Три версии нас - стр. 14
Даже густой слой сценического грима не помешал увидеть, что Дэвид Кац – серьезный противник: высокий, обаятельный, заносчивый ровно в той степени, чтобы это качество вызывало у окружающих скорее приязнь, чем отторжение. К тому же Кац, как и Ева, был евреем. Хотя Джим ни за что бы в этом не признался, но его – формального протестанта, крещенного только по настоянию бабушки и не ощущавшего ни принадлежности к общей истории, ни трагических утрат своего народа, – это обстоятельство смущало довольно сильно.
Он вернулся из театра в общежитие колледжа и заходил по комнате, пытаясь понять: что же Ева нашла в нем такого, чего не мог дать ей Кац? А потом пришел Свитинг, постучал в дверь, сказал, что собирается еще с несколькими ребятами в местный бар, и почему бы Джиму не перестать слоняться из угла в угол, словно тигр в клетке, и не пойти вместе с ними напиться?
Сейчас льет как из ведра, и Джим все время думает об одном и том же: Кац виделся с Евой, уговорил вернуться, и они лежат, обнявшись, в ее комнате. Он хватает пиджак и сбегает вниз, перепрыгивая через ступени: надо проверить, не пролезла ли Ева через дыру в ограде, которой пользовалась всякий раз, когда не хотела попадаться на глаза привратнику. Тот уже начал хмуриться, полагая, что видит здесь Еву слишком часто; но Джим считал это несправедливым, поскольку она уж точно была не единственной студенткой Ньюнхэма, проводившей много времени за стенами своего колледжа.
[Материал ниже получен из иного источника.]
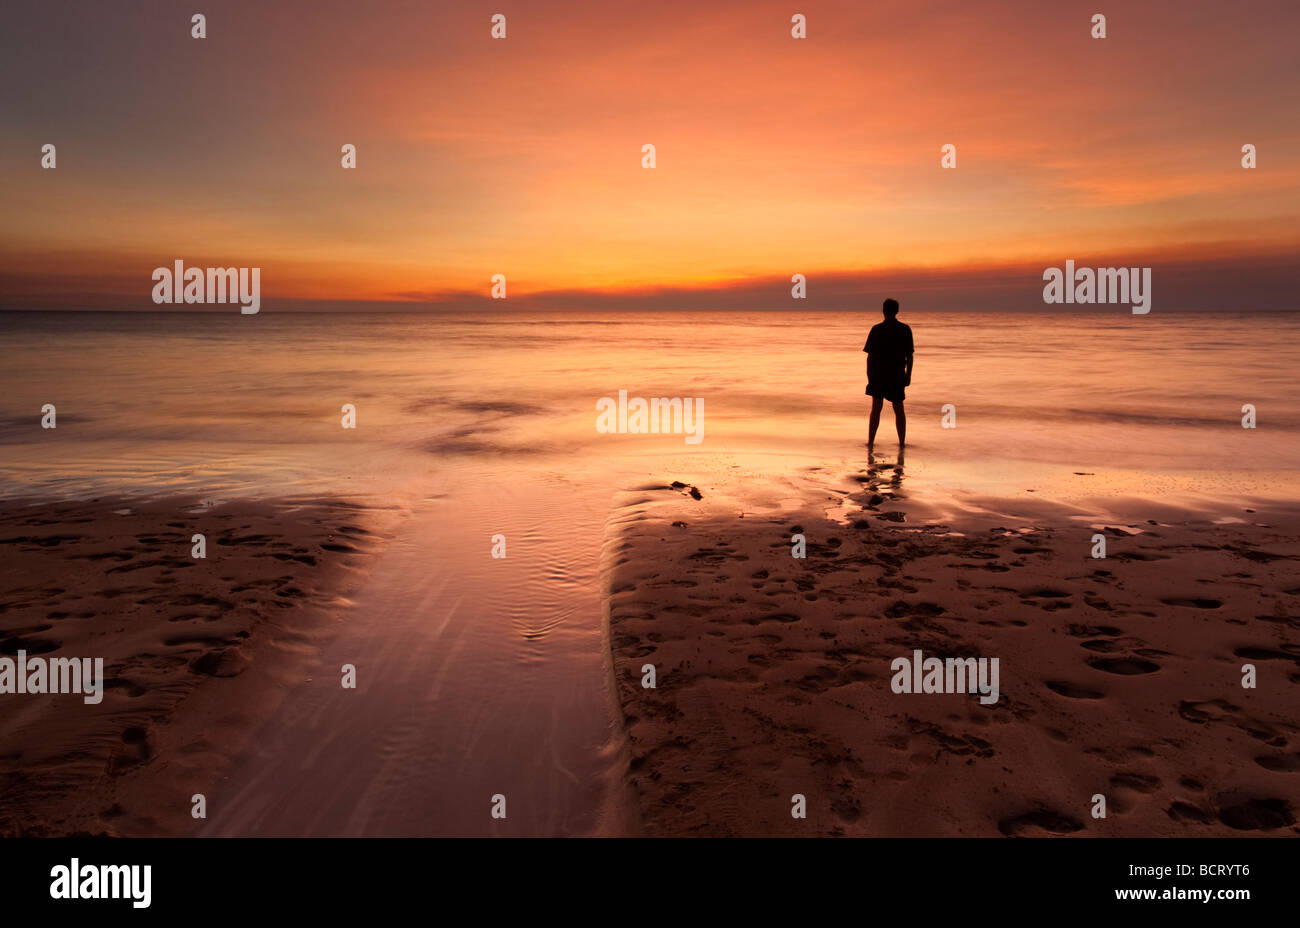 Silhouette of a man standing on the seashore watching the sunset. Dripstone Beach, Darwin, Northern Territory, Australia - Stock Image

На нижнем этаже он налетает на Свитинга.
– Поаккуратнее, Тейлор, – говорит тот, но Джим не задерживается, даже не замечает, что на улице дождь, от которого мгновенно намокают волосы и капли стекают за воротник рубашки.
У забора он останавливается и шепчет ее имя. Затем повторяет его уже громче. На этот раз слышит ответ.
– Я здесь.
Ева пробирается через дыру, мокрые ветки лезут в лицо, цепляются за пальто. Он пытается развести их, чтобы помочь Еве, но набухшие ветки не поддаются, царапают руки. Когда она наконец оказывается перед ним – вымокшая, испачканная, задыхающаяся от бега, объясняющая на ходу: «Прости, заболталась после лекций», – Джим готов заплакать от облегчения. Он удерживается от упрека, понимая: это было бы не по-мужски. Но когда обнимает ее, слова вырываются сами:
– Я боялся, ты не придешь.
Ева выскальзывает из его объятий и со строгим выражением на лице, которое он со временем так полюбит, говорит:
– Дурак. Не смеши меня. Где еще, как не здесь, мне хочется быть?
Версия вторая
Мать
Кембридж, ноябрь 1958
– Тебе обязательно надо идти? – спрашивает она.